If the case had gone the involuntary commitment route, Alexander could have been admitted to a designated treatment facility for up to 21 days. The law requires that within 48 hours of admission, an evaluation shall be conducted. The treatment team may petition the court for an additional 45 days of treatment.

It’s unclear what transpired during the six weeks between Corey Alexander’s treatment hearing and her arrest. Did she walk away from her voluntary treatment, or did she see it through?

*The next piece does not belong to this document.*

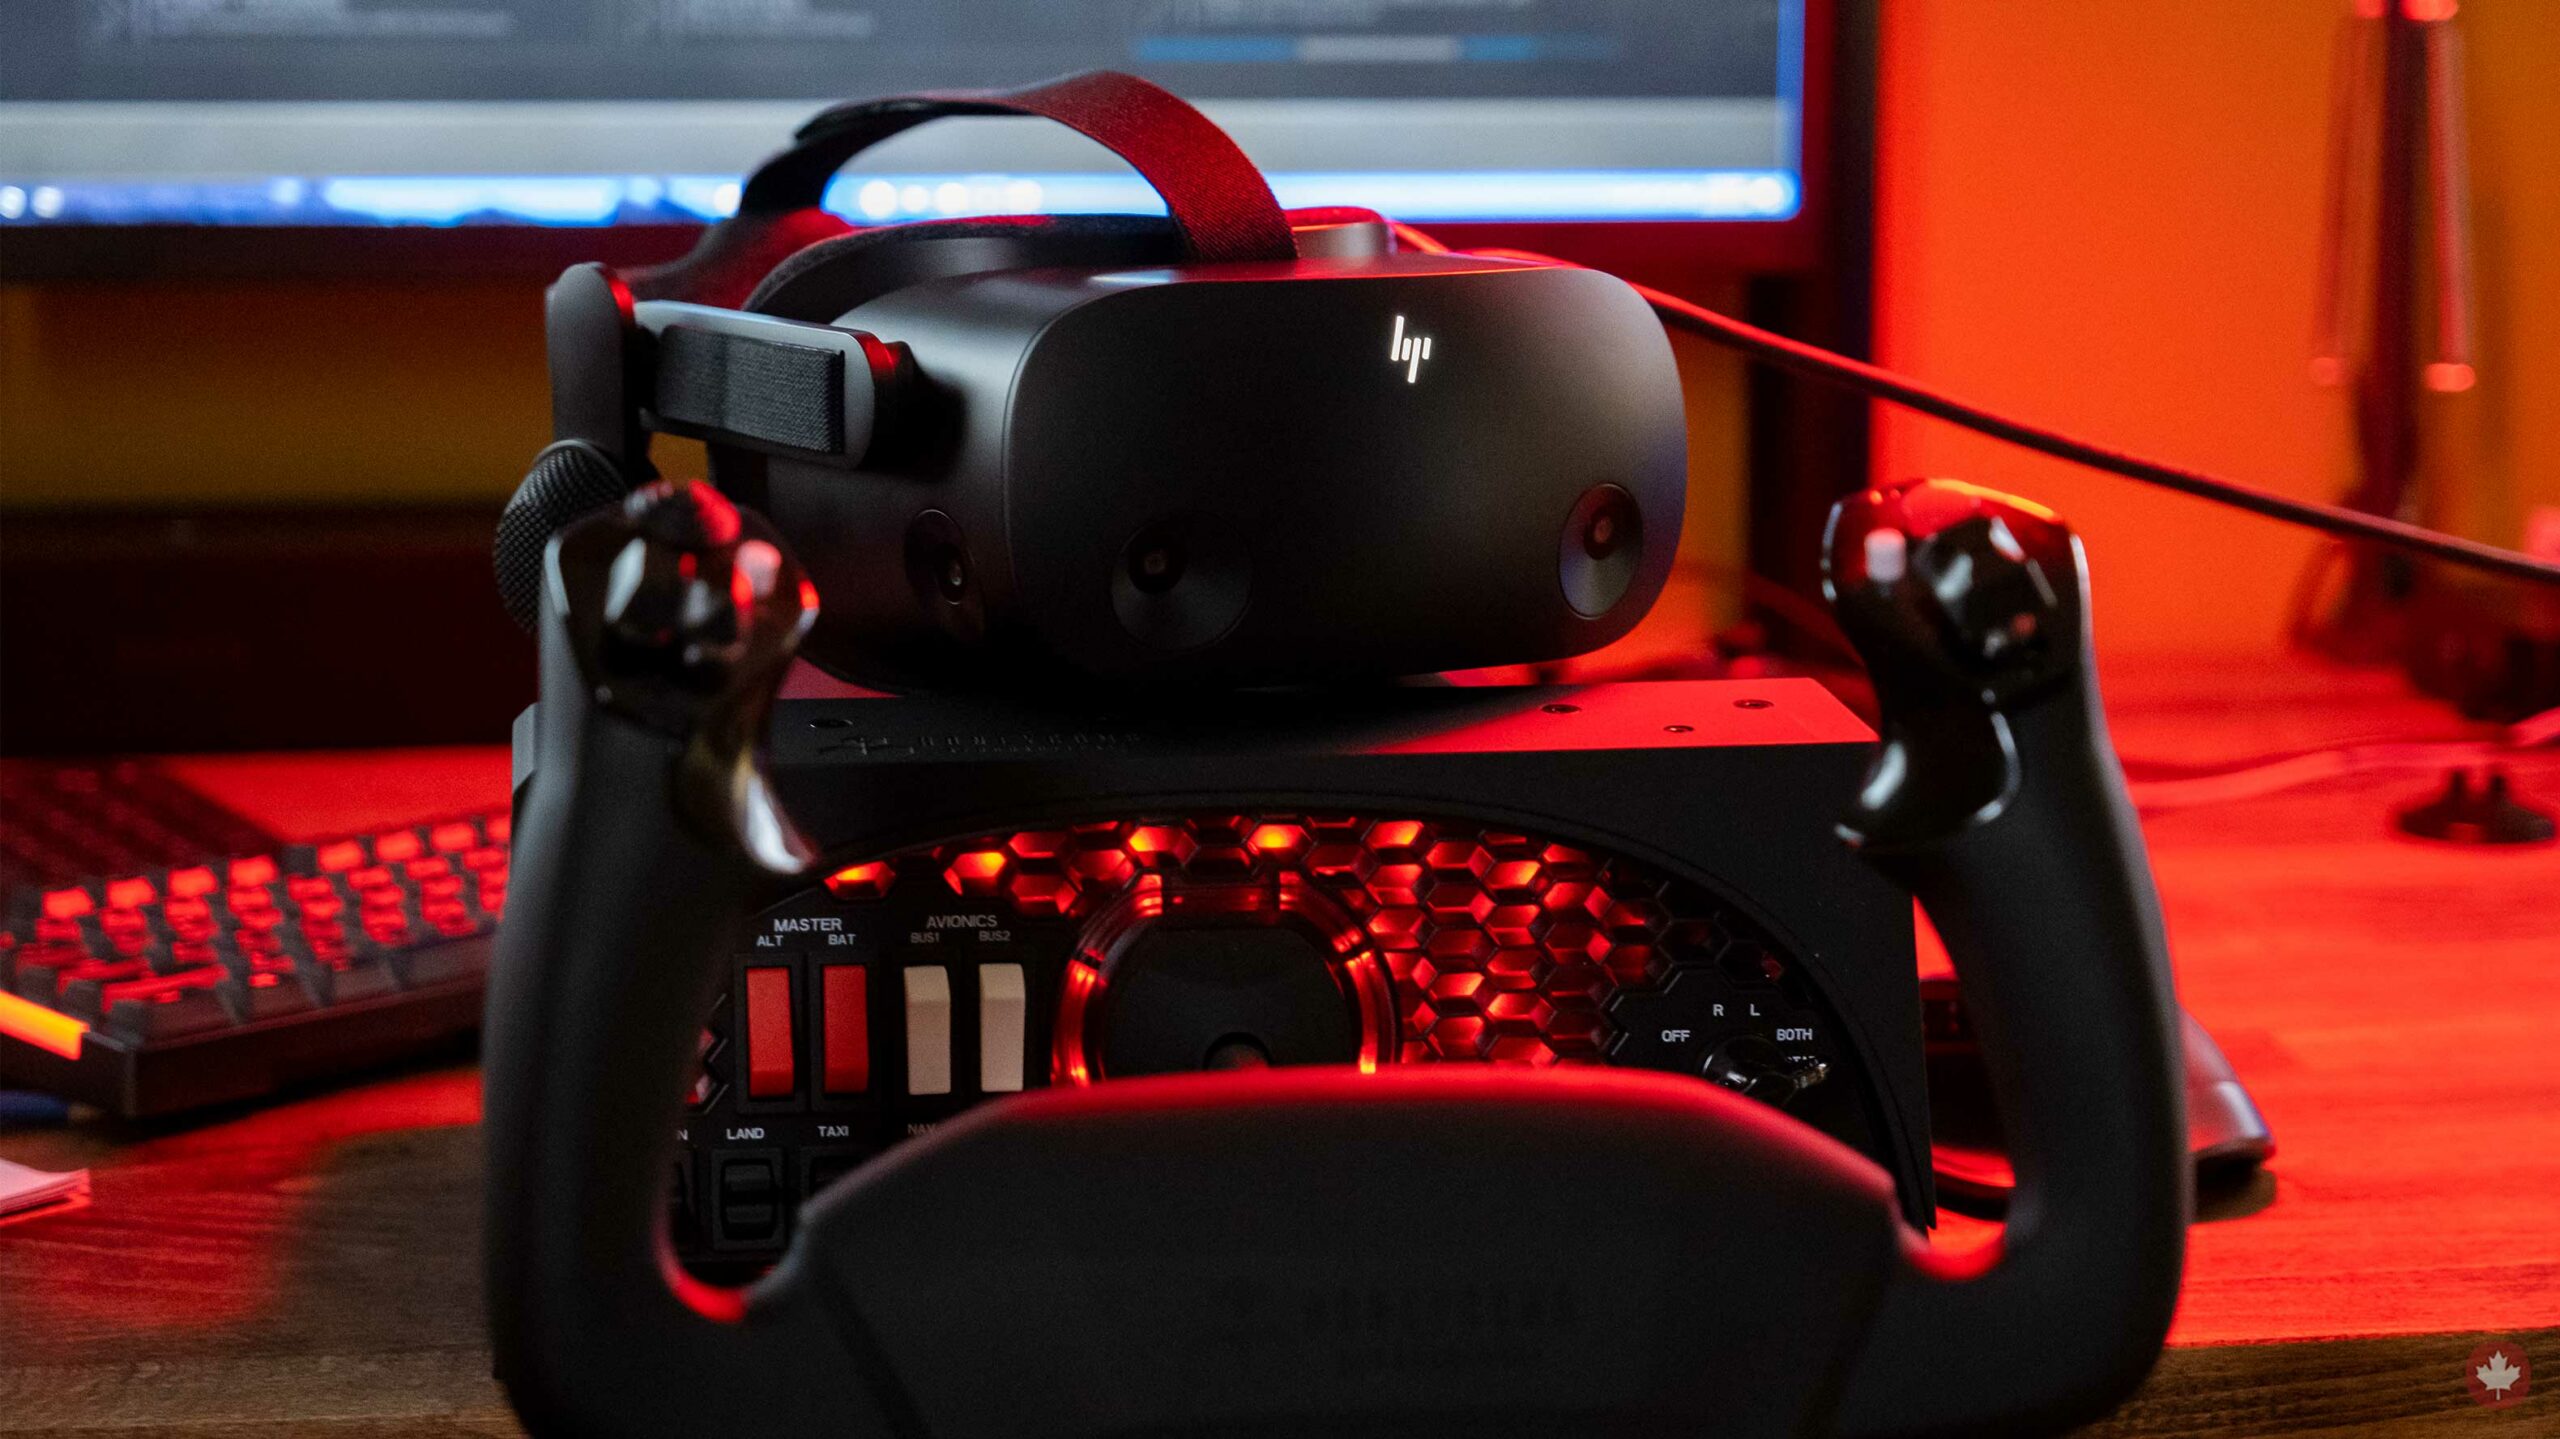 Microsoft Flight Simulator 2020: Now with VR! - Economy Class & Beyond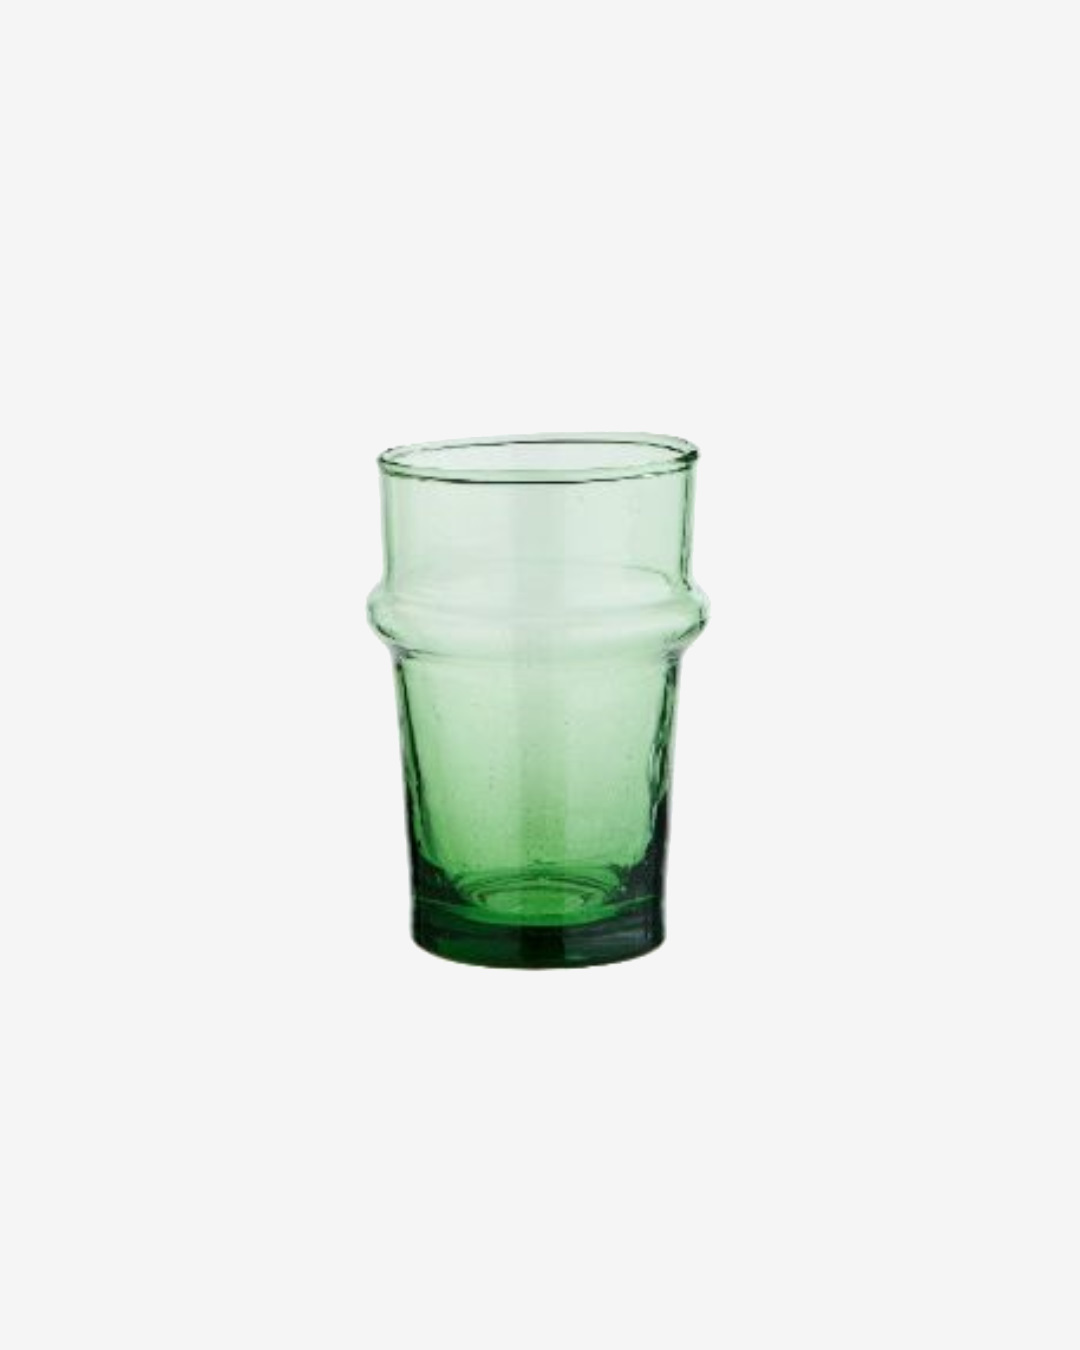 Green glass drinking glass

In addition to murder and battery, Alexander also is charged with theft of property and breaking or entering. She awaits trial in the Pulaski County Detention Center.

Improving the System

The mental health/behavioral health working group is organizing to tackle seven areas to improve the system. Each reflects a subgroup of legislators focusing on a given issue.

 Access to high-quality services: Focus on the removal of barriers to mental health services, integrated behavioral health services, crisis services and specialty psychiatric emergency care.

 Substance abuse/co-occurring disorders: Focus on access to evidence-

based services for treatment of those in need or with two or more substance-use disorders and mental disorders.

 Rates, regulations, efficiencies and bed availability: Focus on considering the impact of rate changes on the provision of services, look at the opportunity for efficiencies and need for regulations and address the issue of bed availability.

 Suicide prevention: Focus on efforts to prevent suicide through training and recognition of warning signs.

 Services for special populations: Focus on the needs of high utilizers of mental health services, including those unsheltered, with frequent interaction with law enforcement or in transition and crisis.

 Prevention and early intervention: Focus on the services needed to meet mental health needs early (birth through adolescence) and the support services that provide the best opportunity for good mental health.

 Workforce development: Focus on Arkansas’ capability to meet the growing need for mental health services, i.e., addressing the gap between need and providers.

State Rep. Nicole Clowney, D-Fayetteville, is one among many legislators participating in the group from around the state.

“Hopefully, we’ll do better by our people,” Clowney said of the need to improve mental health laws and policies. “It’s a crisis in Arkansas and only getting worse. We’ve got to do something to intervene.”


Slain father had his hand in more than a few business ventures

Raymond Alexander’s obituary noted his involvement with a variety of businesses during his life. He and his father established Alexander Inc., touted as the first automatic transmission rebuilder west of the Mississippi River.

The 83-year-old also was credited with helping found the Electric Cowboy, Advance Fiberglass Inc., FIB-R-DOR Inc. and Action Industrial Contractors.

In addition to those entries, he played an important role in the formation of Acadian Technologies, a custom fiberglass manufacturer in North Little Rock now run and owned by his son, R. Bryce Alexander.